Last summer, the Associated Press and New York Times each did stories on the detention facilities operated by the United States inside of Iraq. The conclusions of each investigation were roughly the same. At the time, they noted roughly 14,000 Iraqis were being held in a “legal vacuum.” The detention facilities were chaotic, a large portion of the persons held were taken in on sweeps through their neighborhoods and were suspected and charged with nothing. No trials occur, but the detainees languish often for many months – in some cases for more than a year. “They may not be enemies when they enter these prisons,” one Army officer told me, “but you can count on it that they are insurgent sympathizers by the time they leave.” He was alluding not just to the treatment standards, which he called “nothing I would be proud of as an American,” but the fact that the facilities are allowed to function as recruitment and training centers for the insurgents. Politically uninvolved Iraqis enter. But to find a way of surviving in the brutal gang reality of the prisons, they cast their lot with insurgent groups.

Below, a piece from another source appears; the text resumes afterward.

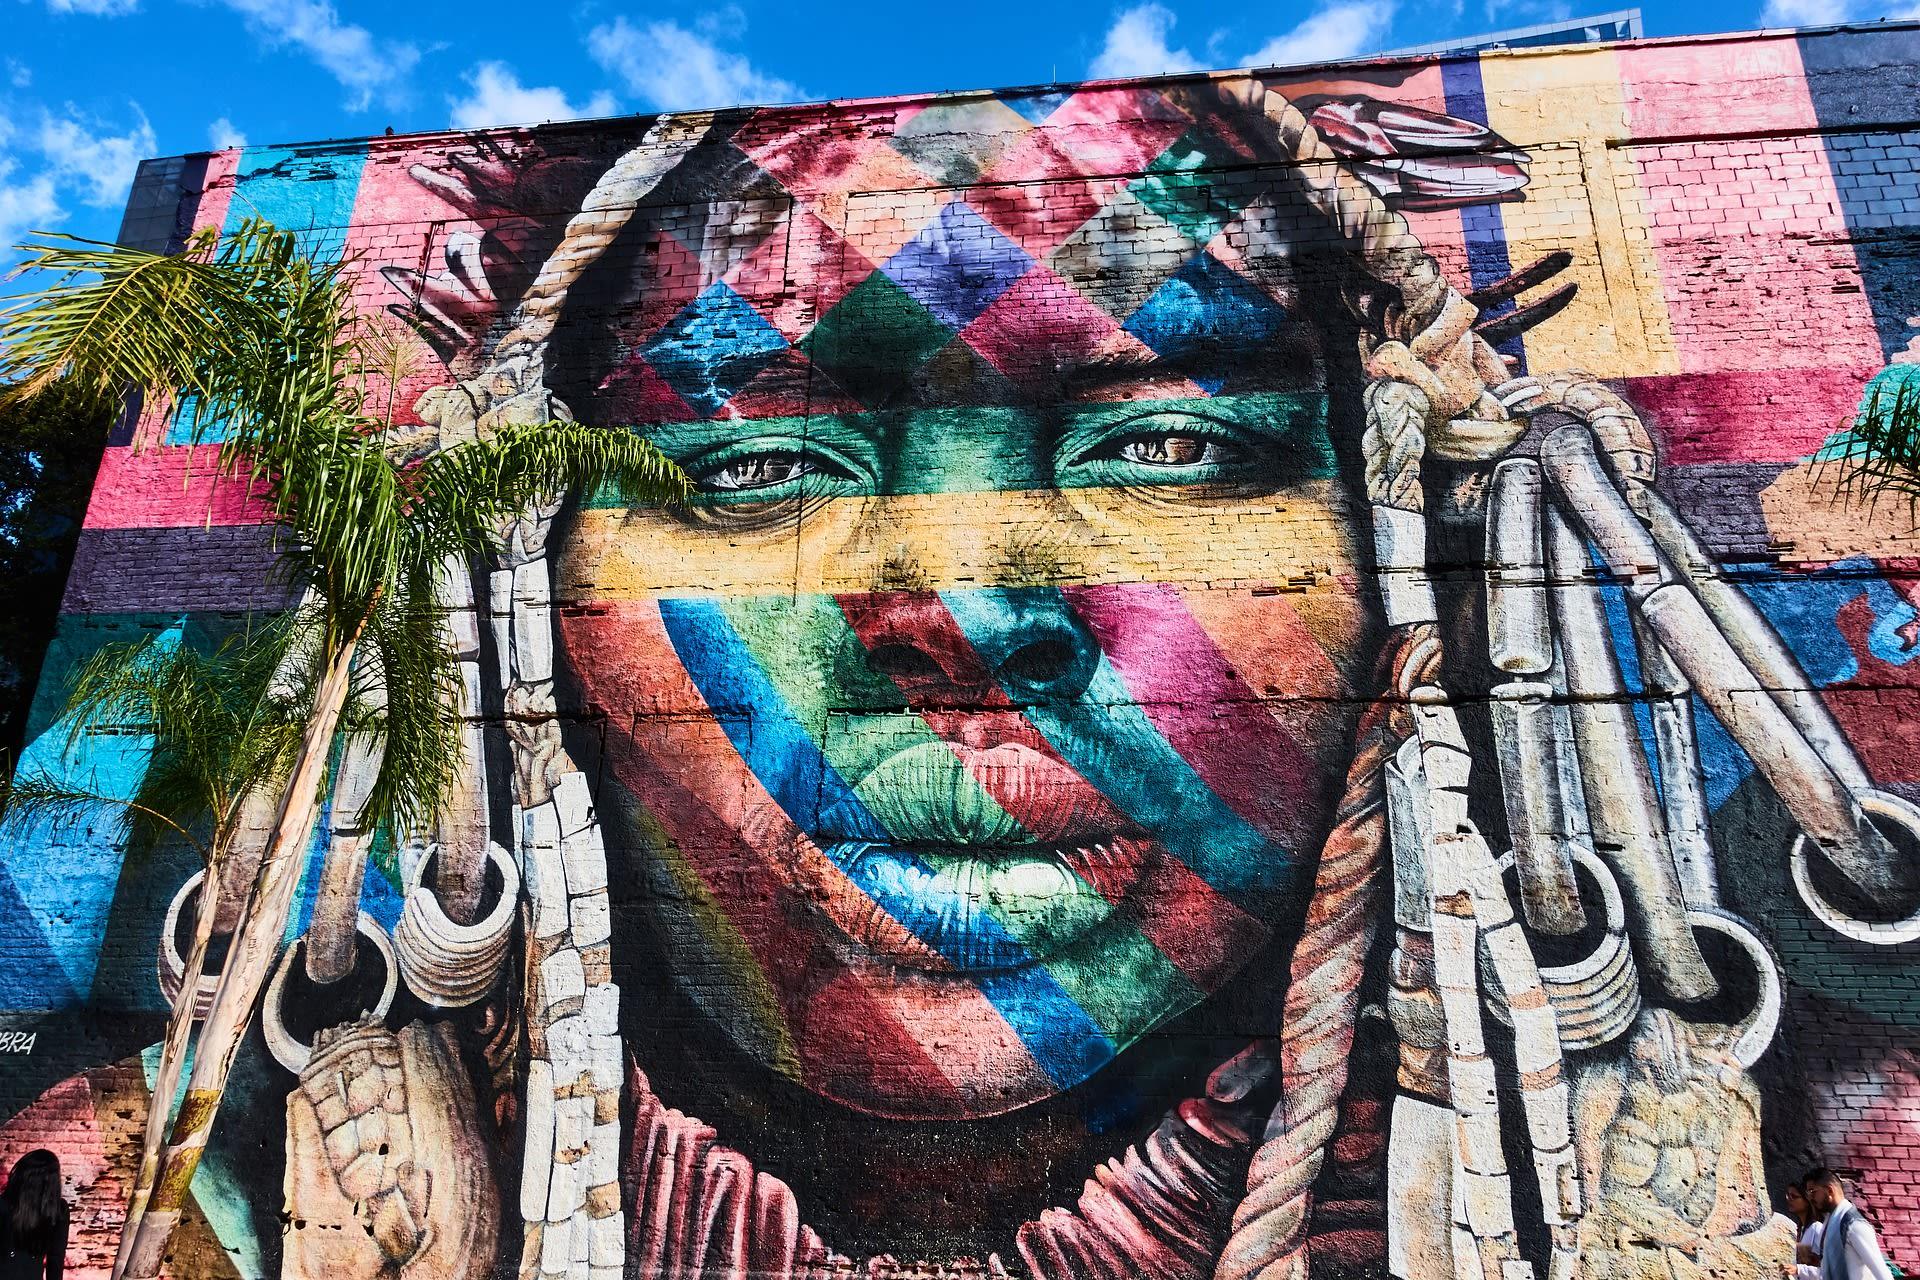 Rio de Janeiro - The Untold Story of Slavery in Rio de Janeiro Through Street art

The United States government views this as a “security detention” system that has nothing to do with justice. They are literally right about that. The system has no legal basis. When challenged for authority, spokesmen for U.S. Forces in Iraq constantly cite Security Council Resolution 1546. However, this resolution does not authorize the detentions. To the contrary, it, and the letter from Secretary of State Colin Powell which accompanied it, make clear that detentions must be made in accordance with the Iraqi Constitution and laws. And Iraqi law requires any detention to be justified before a magistrate in a matter of only a few days. One of the most striking features of the U.S. detention regime in Iraq is, however, its complete contempt for the requirements of Iraqi law.
But beyond this, it’s a formula for how to lose a civil war.
Today, McClatchy reports on the situation and finds the conditions are essentially the same as found by the AP and New York Times in the fall, except that the number of persons under detention has now spiraled to nineteen thousand. But the McClatchy piece puts its focus on ten thousand Iraqis who have simply gone missing – as family and friends are unable to establish any connection with persons in detention, even to establish whether they are simply still alive.
There’s no accurate count of the missing since the war began. Iraqi human rights groups put the figure at 15,000 or more, while government officials say 40 to 60 people disappeared each day throughout the country for much of last year, a rate equal to at least 14,600 in one year.
What happened to them is a frustrating mystery that compounds Iraq’s overwhelming sense of chaos and anarchy. Are they dead? Were they kidnapped or killed in some mass bombing? Is the Iraqi government or some militia group holding them? Were they taken prisoner by the United States, which is holding 19,000 Iraqis at its two main detention centers, at Camp Cropper and Camp Bucca?
You were wondering perhaps, how do you completely alienate and infuriate a population under military occupation? Well, this is how.